Professor Woo is an expert on East Asian economies, particularly China, Malaysia and Indonesia. He has written extensively on the middle-income trap, as well as on transition economics, growth and development, globalization, exchange rate economics, and regional economic disparity.

He earned his PhD from Harvard University in 1982 with a thesis entitled 'Exchange rate determination under rational expectations: a structural approach'. The University of Cambodia awarded Professor Woo an Honorary Doctorate in Sustainable Development in 2020.

Biography
Woo was born in 1954 in George Town, Penang, Malaysia. Following undergraduate study in economics and engineering at Swarthmore College, he took an MA in Economics at Yale and later an MA and PhD at Harvard (1982). Woo has been a member the economics faculty at the University of California, Davis, since 1985. He has also worked at the Brookings Institution in Washington, D.C., at different stages of his career, starting as a Research Assistant in 1976-77, then as a Research Associate in 1982-1985, and finally as the New Century Chair in International Trade and Economics from 2006-2009.

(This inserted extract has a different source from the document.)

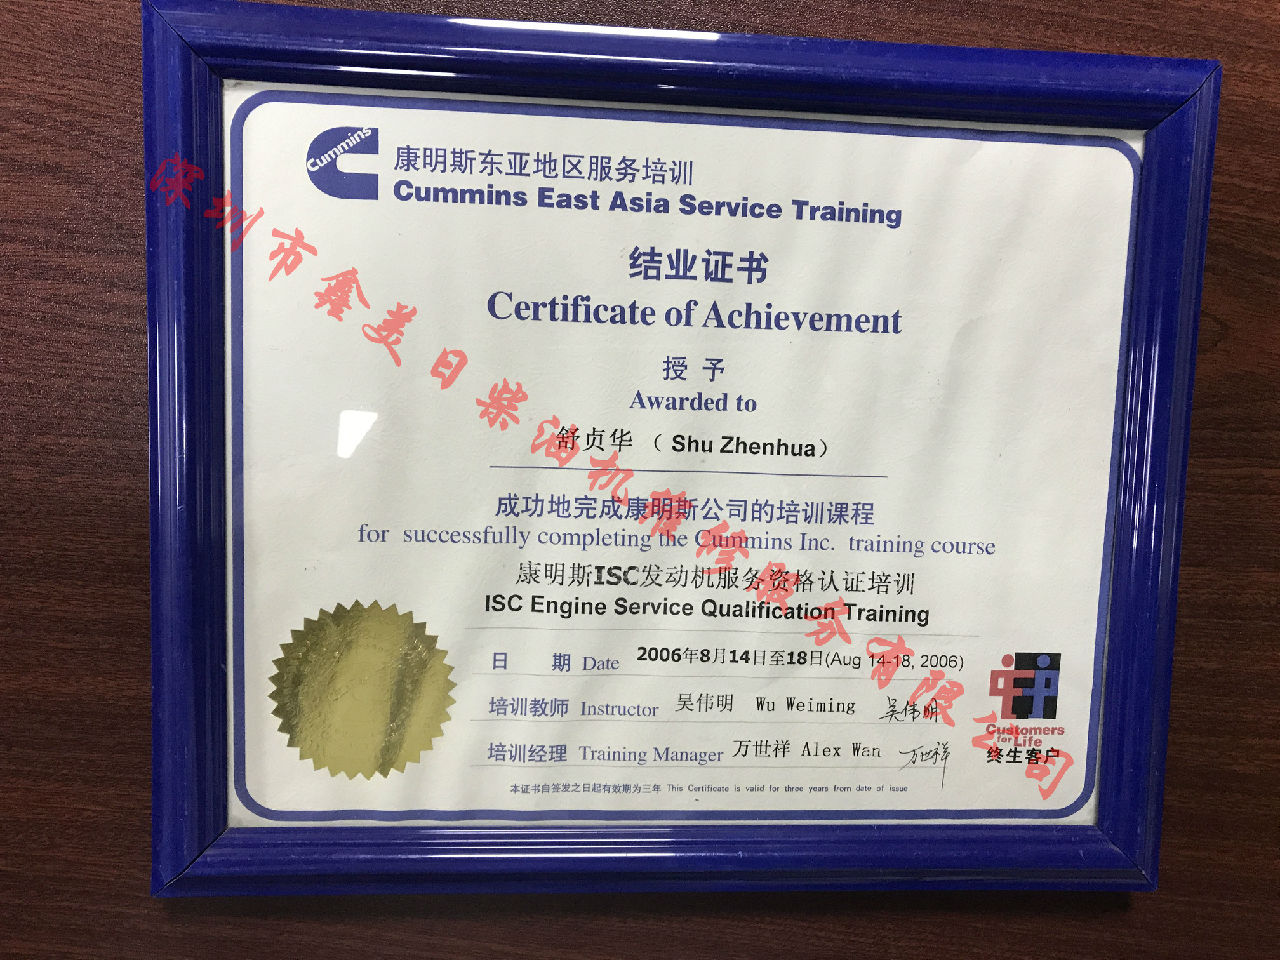 2006年 北京康明斯 舒贞华 ISC  服务资格认证培训证书

Woo has worked as a consultant on tax and exchange rate reform for China's Ministry of Finance and, between 1994 and 1996, led an international team, which included Leszek Balcerowicz, Boris Fyodorov, Fan Gang and Jeffrey Sachs to study the reform experiences of centrally planned economies. From 1997-1998, he was a special advisor to the U.S. Treasury.

In 2001, Woo helped establish the Asian Economic Panel (AEP), a forum of about 80 specialists on Asian economies, which meets three times a year to discuss issues of importance to the region's economies. Selected proceedings of the AEP are published in the Asian Economic Papers, MIT Press.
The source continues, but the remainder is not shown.